Lempel-Ziv. Sounds like something you might find on a starship. I mean, you can just imagine Scotty telling Kirk that they can’t go to warp because the Lempel-Ziv compressors are offline.
In fact, the Lempel-Ziv algorithm is what GNU’s Gzip program uses to compress files.
Fortunately, the UTL_COMPRESS package employs the same algorithm, which means that you can create archives using one tool that can be manipulated by the other…
Starfleet HR have generated a delimited file of their Captains from their Oracle database for loading into their data mart, which runs on a different server ( and doesn’t use Oracle).
This file needs to be compressed to make the transfer as efficient as possible.
At present, the file looks like this on the database server :
ls -l starfleet_captains.csv -rw-r--r-- 1 oracle oinstall 343 Apr 26 15:49 starfleet_captains.csv
Compressing the file
Using UTL_COMPRESS, we can easily create a .gz archive from the file…
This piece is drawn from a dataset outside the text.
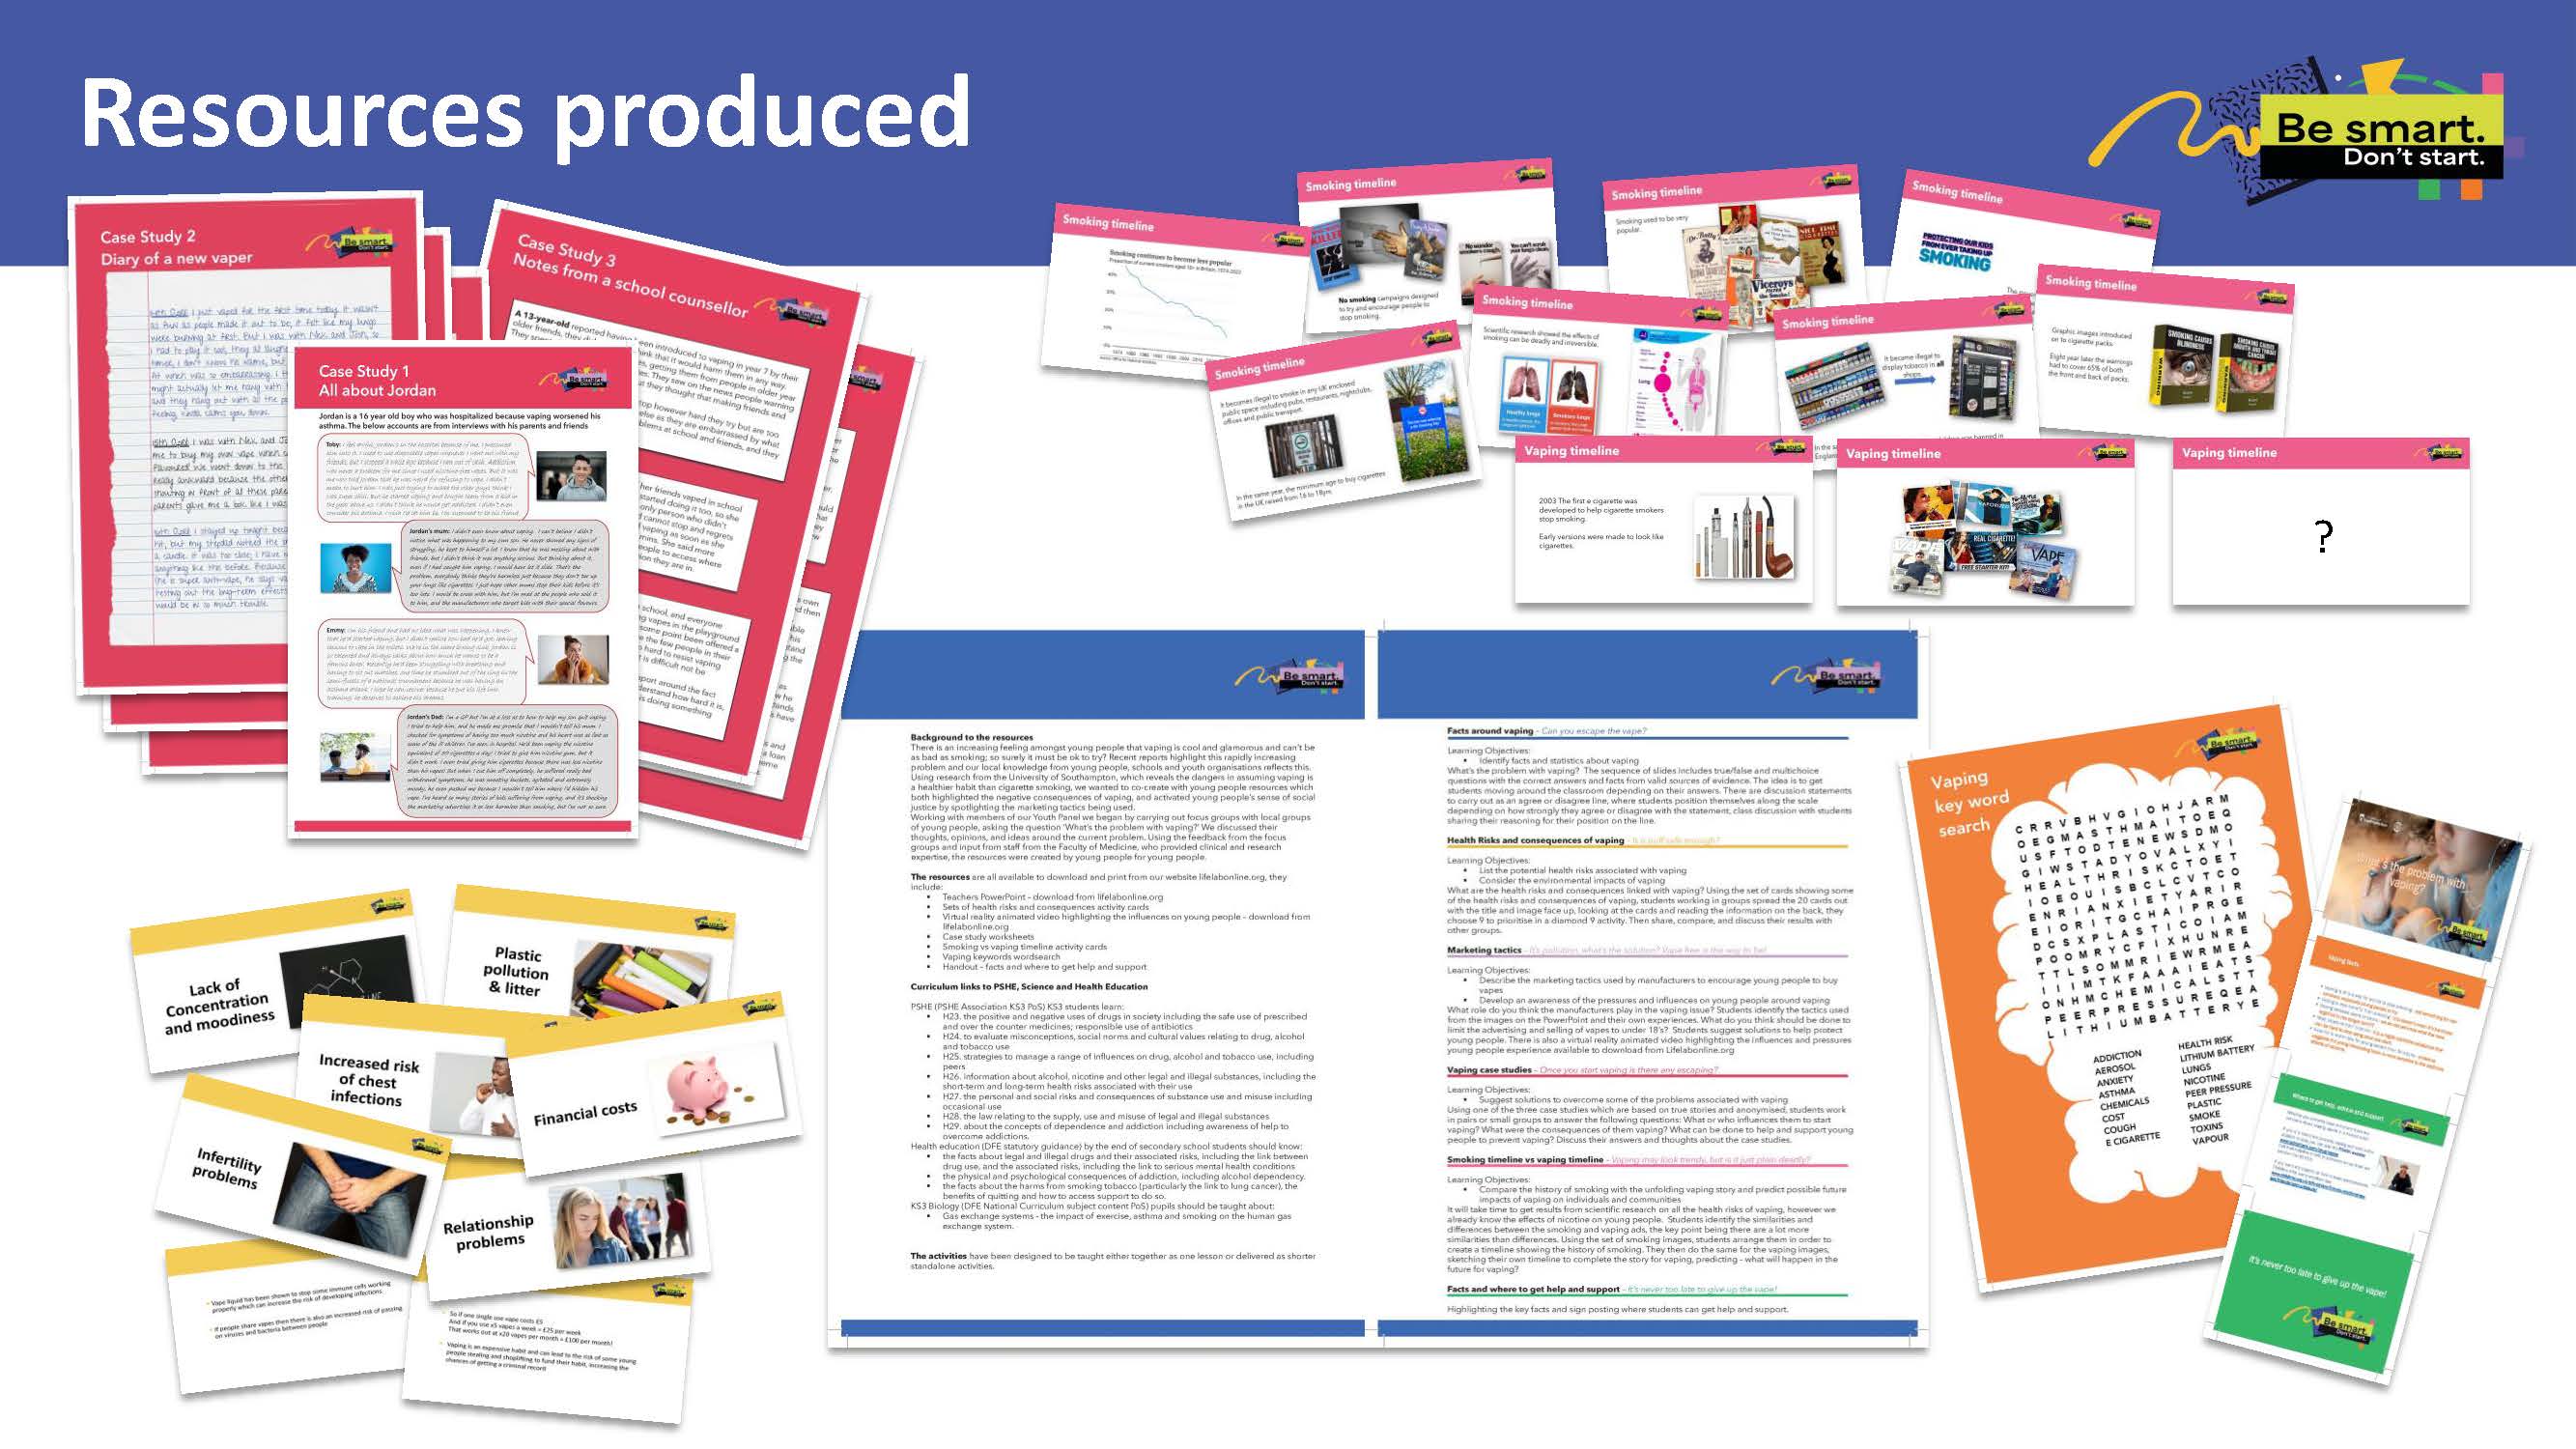 Snap shot of the resources that are available to those who are enrolled.

declare l_dir all_directories.directory_name%type := 'APP_FILES'; fname varchar2(100) := 'starfleet_captains.csv'; src_file bfile; lz_compressed blob; lz_compressed_len integer; fh utl_file.file_type; v_buffer raw(32767); buf_size pls_integer := 32767; v_pos integer := 1; begin src_file := bfilename( l_dir, fname); dbms_lob.fileopen(src_file, dbms_lob.file_readonly); lz_compressed := utl_compress.lz_compress( src_file, 9); lz_compressed_len := dbms_lob.getlength( lz_compressed); fh := utl_file.fopen( l_dir, fname||'.gz', 'wb'); while v_pos < lz_compressed_len loop dbms_lob.read( lz_compressed, buf_size, v_pos, v_buffer); utl_file.put_raw( fh, v_buffer, true); v_pos := v_pos + buf_size; end loop; utl_file.fclose(fh); -- Now need to delete original utl_file.fremove(l_dir, fname); end; /
The LZ_COMPRESS function accepts two arguments. The first is the file we’re compressing.
The second is the “quality” – a number between 1 and 9 with 1 being the fastest execution, but least compression, and 9 being the greatest compression and the slowest execution.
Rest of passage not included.